A Moon That Might Have Had Its Own Moon
Saturn's moon Iapetus is just weird. When Giovanni Cassini discovered the moon in 1671, he found that he could see Iapetus only when it was on the west side of the planet; the moon, it turns out, is much darker on one side than the other and is tidally locked with Saturn so that one side always faces the planet. More recently, people have noticed how much Iapetus looks like the Death Star from Star Wars, complete with a large round crater and marked equator.
The ridge that runs along 75 percent of the moon's equator, giving it a shape somewhat like a walnut, has been a mystery since it was first spotted in 2004, when the Cassini spacecraft imaged Iapetus.

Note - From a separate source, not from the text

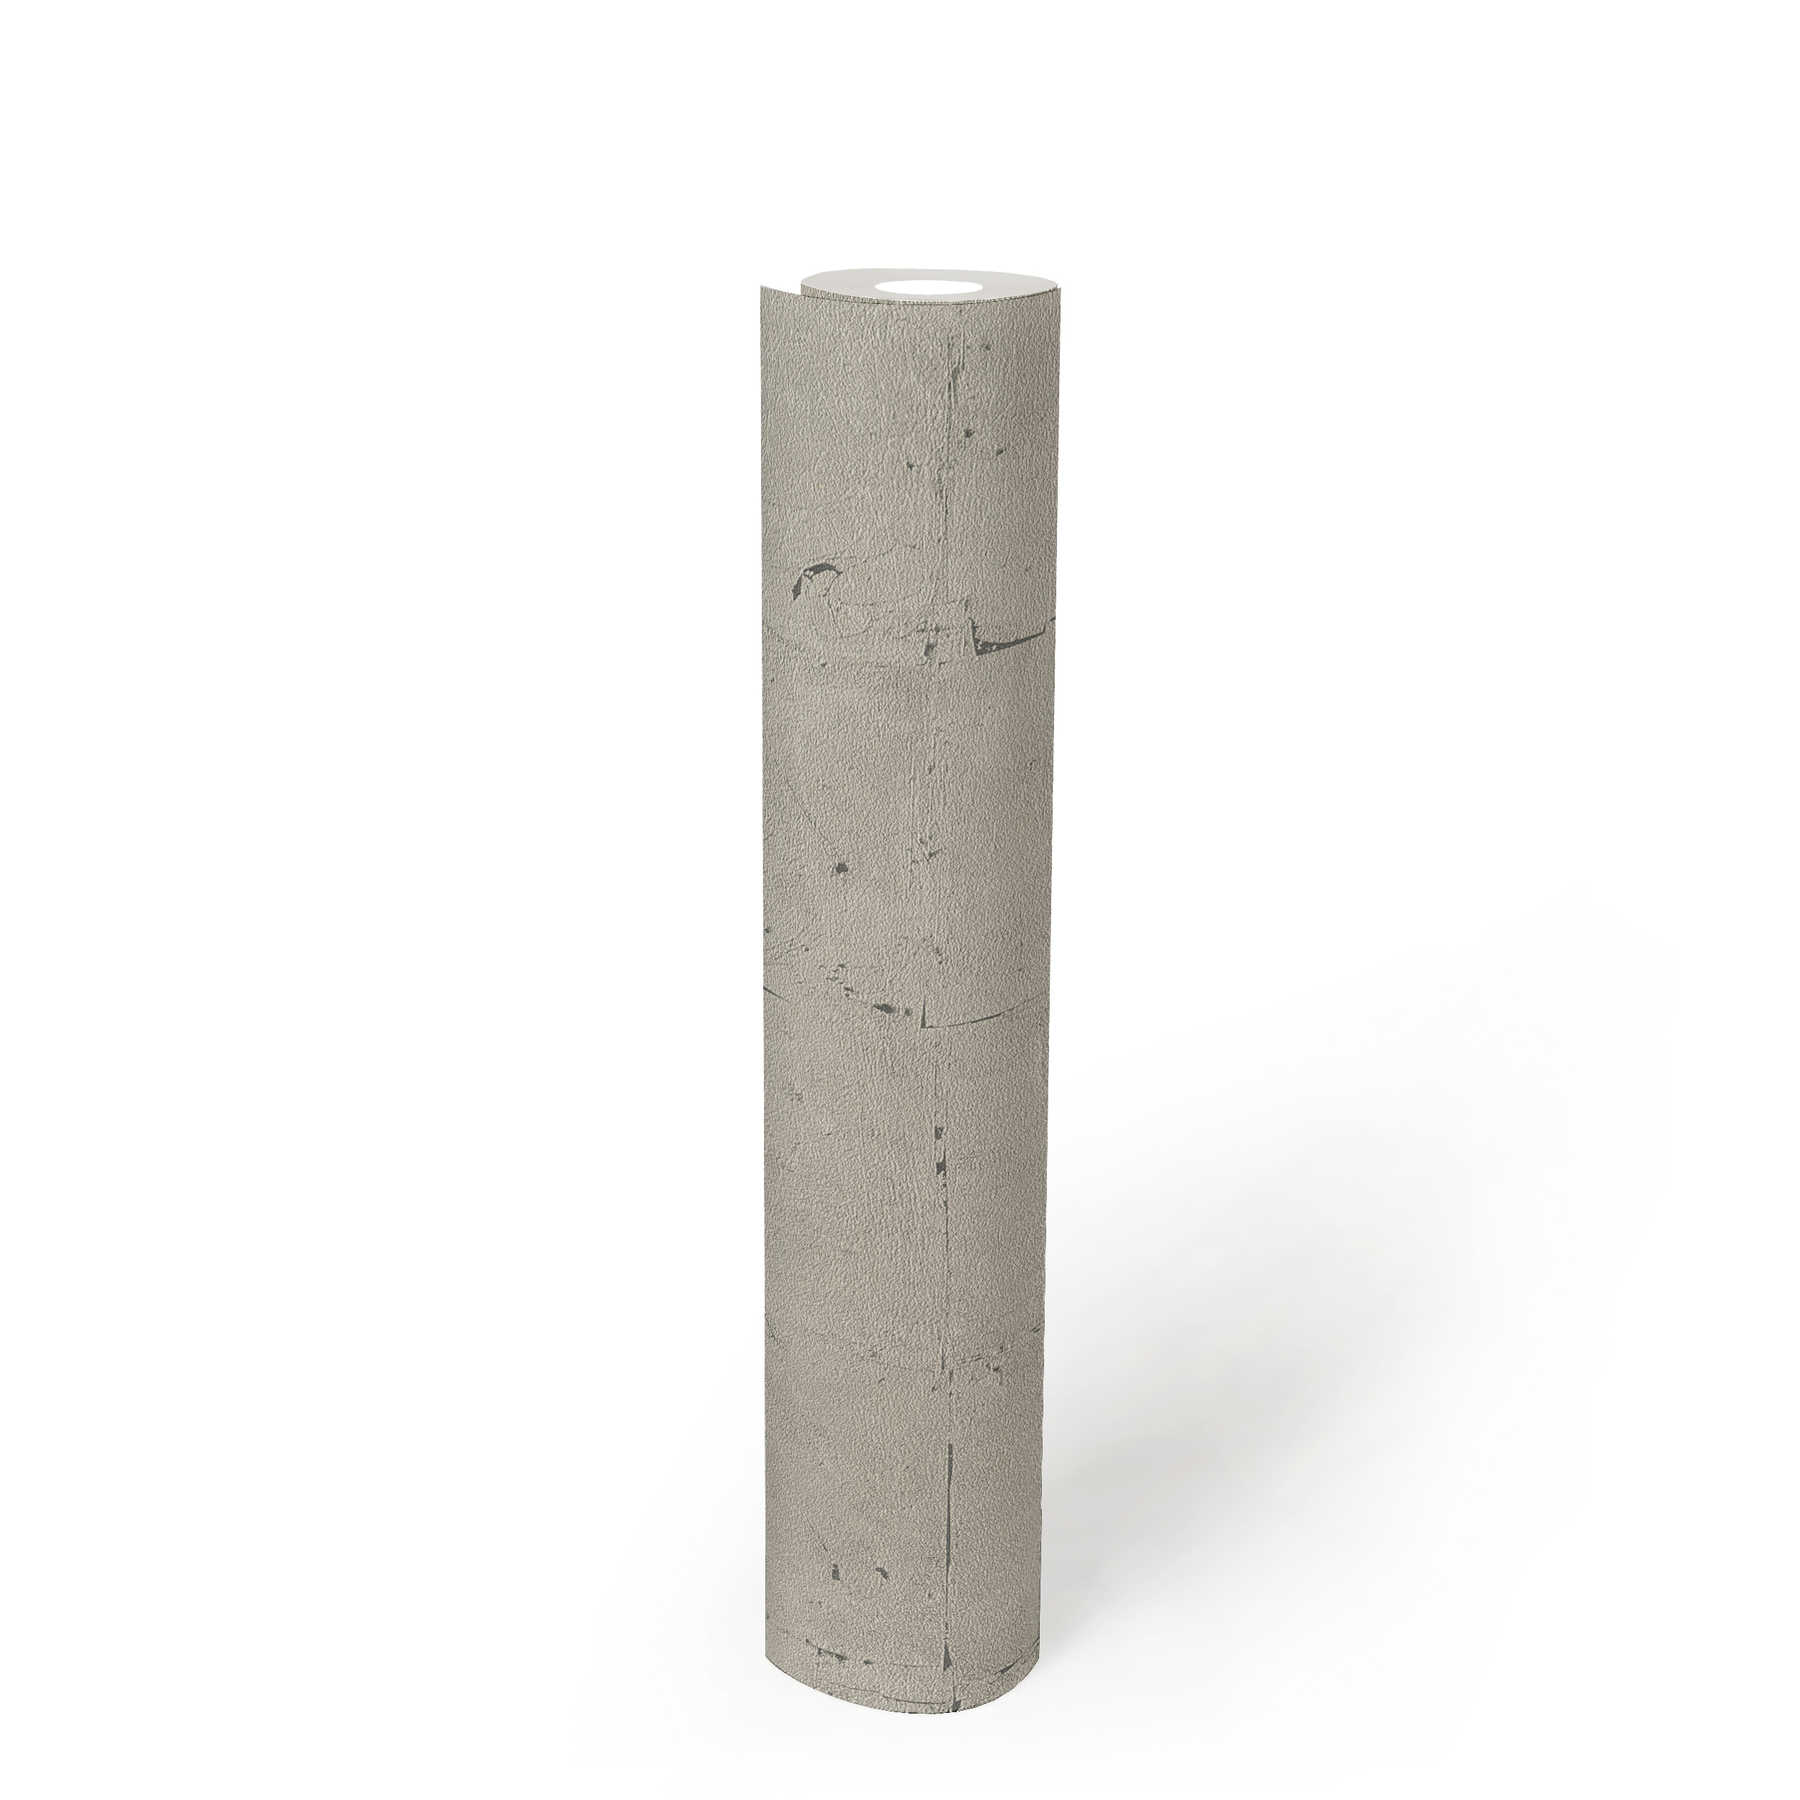             Papier peint imitation pierre avec motifs structurés - gris, beige

Since then scientists have proposed theories for its origin that usually depend on some internal property of the moon, such as volcanism or plate tectonics.
But this week, scientists presenting at the American Geophysical Union's fall meeting in San Francisco say they have a new theory: Iapetus once had its own satellite, that is, its own moon. According to this theory, the satellite, created in a some kind of impact with another large object in the solar system, would have orbited Iapetus, but its orbit would have slowly decayed, bringing it ever closer to the surface and eventually pulling it apart. Those bits of former moon would have first formed a ring of debris around Iapetus' equator until eventually the particles have slammed into the surface. "Particles would impact one by one, over and over again on the equatorial line," said William B. McKinnon, a solar system specialist at Washington University in St. Louis. "At first the debris would have made holes to form a groove that eventually filled up." It would have taken a lot of debris: the ridge reaches up to 10 kilometers in height, taller than Mount Everest.
The scientists say that their theory is the only one to explain why the ridge sits on the moon's equator and only the equator; plate tectonics or volcanism would be unlikely to create such a feature in that specific spot. However, the research is still in the early stages. The scientists have done the math but have yet to create the computer simulations that would further back up their theory.